PART 3MEDICAL DEVICE FEES

Division 1Interpretation

Marginal note:Definitions

• 37. (1) The following definitions apply in this Part.

  “actual gross revenue”

  « recettes brutes réelles »

  “actual gross revenue” means the amount earned by a manufacturer during the fee verification period from sales in Canada of a medical device that is the subject of a licence application that is referred to in section 39, 40 or 41.

  “annual gross revenue”

  « recettes brutes annuelles »

  “annual gross revenue” means

  • (a) in section 48, the amount earned by a manufacturer during a calendar year from sales in Canada of a medical device in respect of which the manufacturer holds a licence; and

  • (b) in sections 51 and 52, the amount earned by an establishment during a calendar year from sales in Canada of medical devices.
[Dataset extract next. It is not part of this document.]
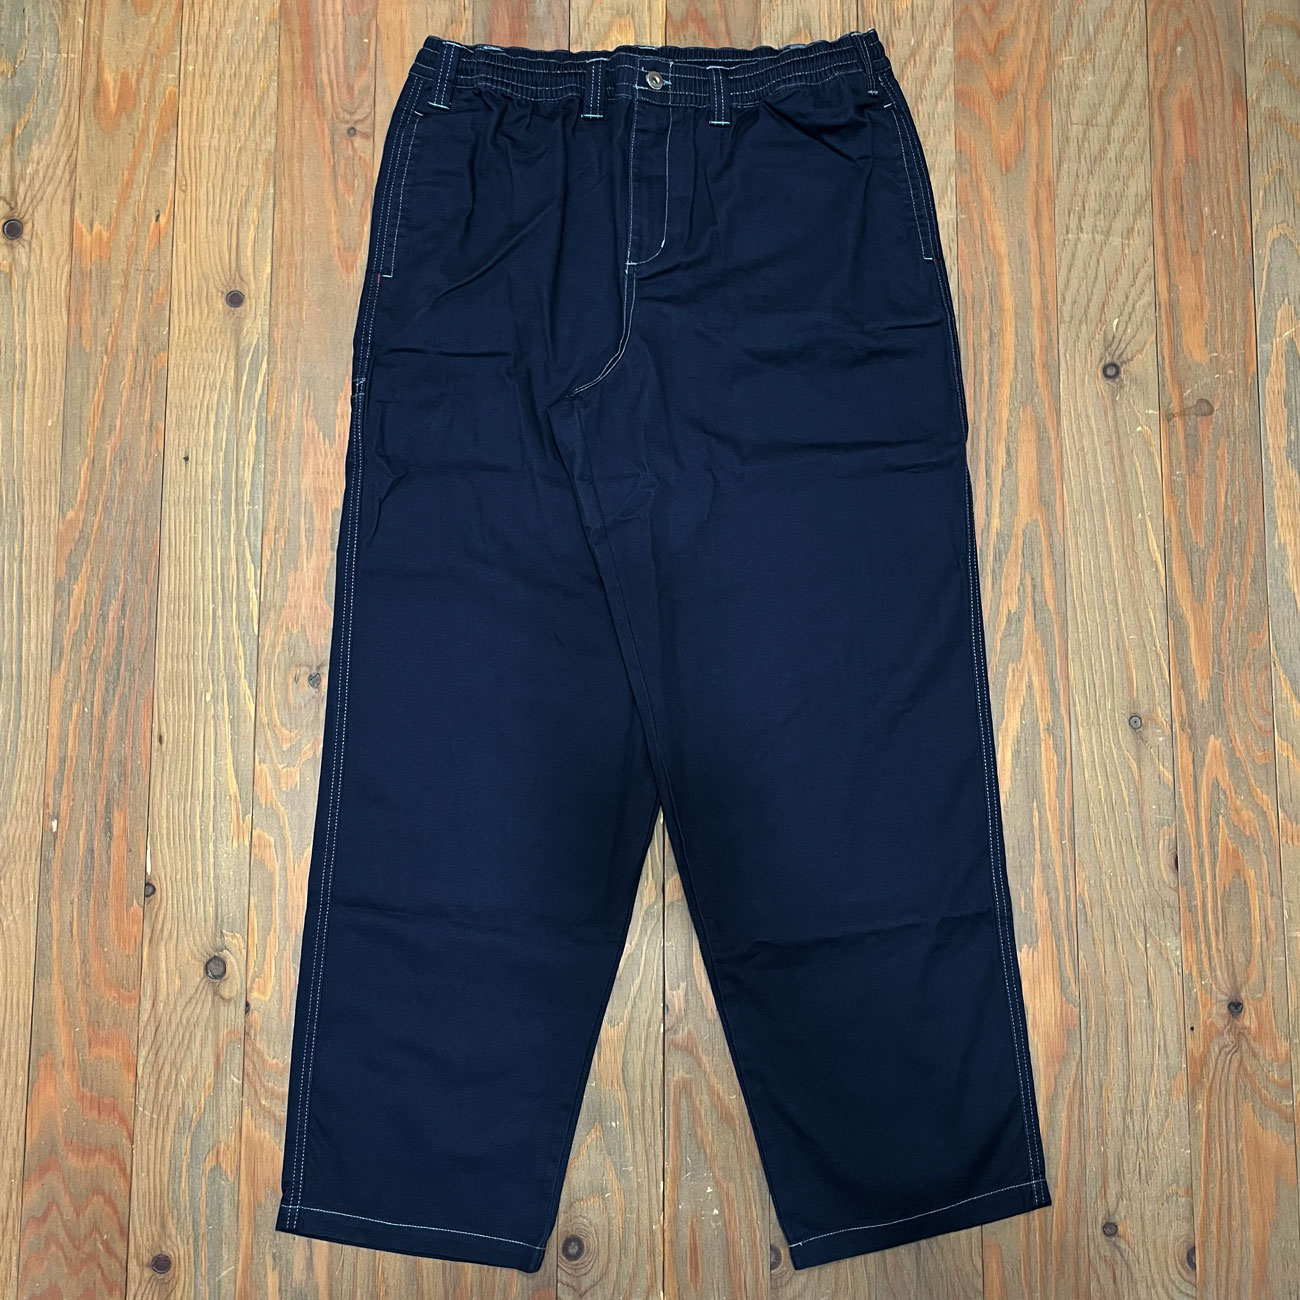 THEORIES STAMP LOUNGE PANTS NAVY CONTRAST STITCH

  “anticipated gross revenue”

  « recettes brutes prévues »

  “anticipated gross revenue” means the amount that a manufacturer expects to earn during the fee verification period from sales in Canada of the medical device that is the subject of a licence application that is referred to in section 39, 40 or 41.

  “fee verification period”

  « période de vérification du prix à payer »

  “fee verification period”, in respect of a medical device that is the subject of a licence application, means

  • (a) for an application that is referred to in section 39 or 40, the period beginning on the day on which the medical device is first sold in Canada under the licence and ending two years after that day; and

  • (b) for an application that is referred to in section 41, the period beginning on the day on which the licence is amended and ending two years after that day.

• Definition of “licence”

  (2) In this Division and Divisions 2 and 3, “licence” means a medical device licence issued under paragraph 36(1)(a) of the Medical Devices Regulations.

• Marginal note:Words and expressions

  (3) Unless the context otherwise requires, all other words and expressions used in this Part have the meanings assigned to them by the Food and Drugs Act or the Medical Devices Regulations.